NewsBite

Barefoot Investor: When it comes to wealth, looks can be deceiving

Debt in Australia has become an epidemic — while some people drive around in flash cars, in reality they can’t keep up with the repayments. What we really need is a financial revolution in our schools, writes the Barefoot Investor.

Are you making these 4 common money mistakes?

Christmas came early for my kids this year … Daddy finally got a job.

(Well, to be accurate, 220 hours of community service as part of my Financial Counselling qualification.)

On my first day, the three of them surprised me by getting up really early and having a celebratory breakfast with me (possibly with the aim of making sure I really did have a job to go to).

And when I returned home that night I was greeted — for the first, and possibly last, time — like David Boon coming home with The Ashes.

“Didja have a lot of meetings, Dad?” asked my six-year-old, beaming with pride.

In the schoolyard, real dads go to work and have meetings. (Not bum around the farm in their trackie dacks.)

It doesn’t matter that he can see me on TV, hear me on the radio, and watch me do book signings with lines a hundred deep: when I’m wearing a tie, carrying a keep-cup and battling the morning traffic, I am THE MAN.

So now that I’m a couple of hundred hours into this job I’ve learned that it’s like being a (financial) E.R. doctor.

Young man pose in sports car. istock image.
Young man pose in sports car. istock image.

No one wants to be sitting in front of me.

They’re often embarrassed, humiliated, angry, scared … and completely strung out about their finances.

My job is to sit them down, calm them down and assess their situation.

It’s basically financial triage: you patch them up, stem the bleeding and send them back out (where you can).

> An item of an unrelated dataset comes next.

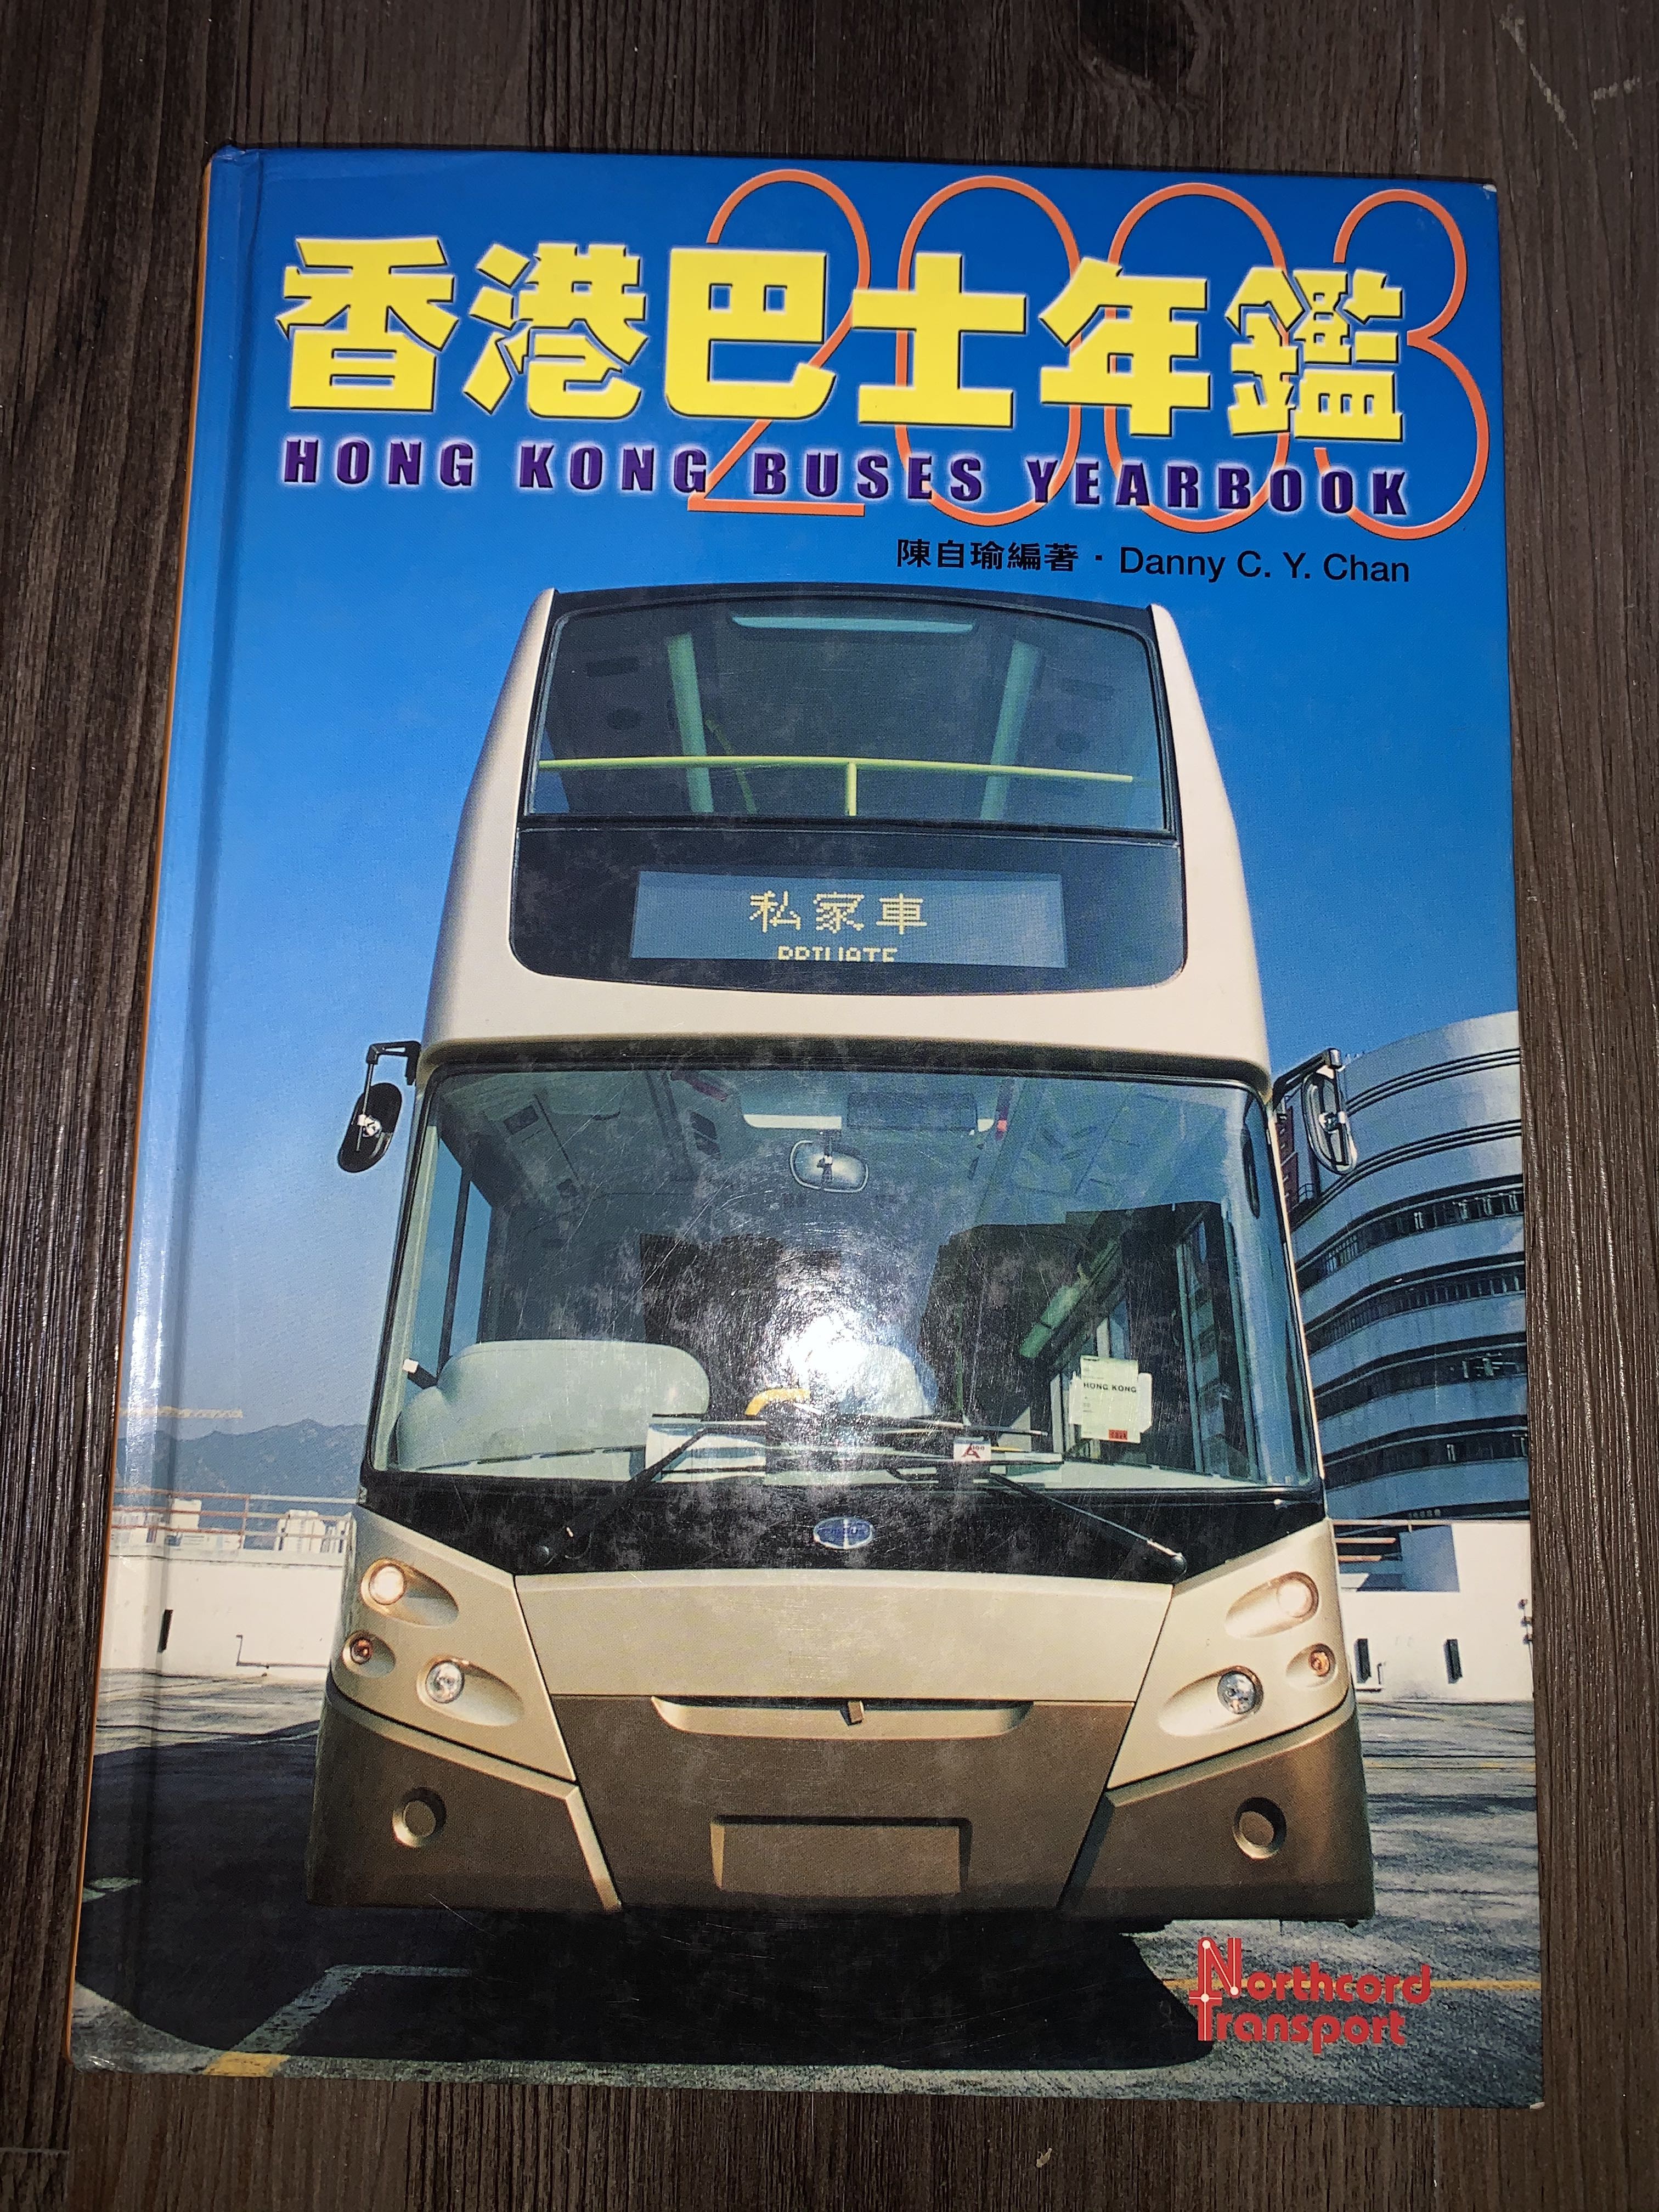 2003年香港巴士年鑑, 興趣及遊戲, 收藏品及紀念品, 郵票及印刷品

Or, if you deem their situation terminal, you tell their creditors and cut deals on their debts.

(This, of course, sounds sexy but, trust me, if your life gets to the point where a bank is willing to write off your debts, you’ll be celebrating with spuds and spumante.)

Above all, what I’ve learnt is that this job is relentless.

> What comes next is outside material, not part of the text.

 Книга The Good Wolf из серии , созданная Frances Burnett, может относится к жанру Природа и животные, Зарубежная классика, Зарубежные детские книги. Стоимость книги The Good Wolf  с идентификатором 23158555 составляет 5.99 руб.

Debt in this country is an epidemic, and people of all shapes and sizes stream through the door.

Like a bloke in his 40s who I saw today. He arrived for our appointment in a BMW X5.

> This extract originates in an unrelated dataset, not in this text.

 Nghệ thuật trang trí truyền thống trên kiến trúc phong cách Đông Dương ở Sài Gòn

“Why does this guy need to see me?” I thought to myself.

He sat down, threw his fancy keys on the table, and buried his face in his hands.

He confessed that he’d leased the car five years ago and now couldn’t afford the final balloon payment. (And if you don’t know what a balloon is — don’t feel bad — neither did he.)

The upshot was that he was broke and the Beamer would soon be repossessed.

Yet you know what?

To the outside world he’s THE MAN. He’s got an awesome car that he drops his kids off at school in.

By the time he came to see me, it was too late for him to avoid his mistakes. But it’s not too late for his kids.

And what this financial tour of duty has taught me is just how much we need a financial revolution in our schools.

My client grew up thinking that success meant leasing a $100,000 Beamer … and he paid the price.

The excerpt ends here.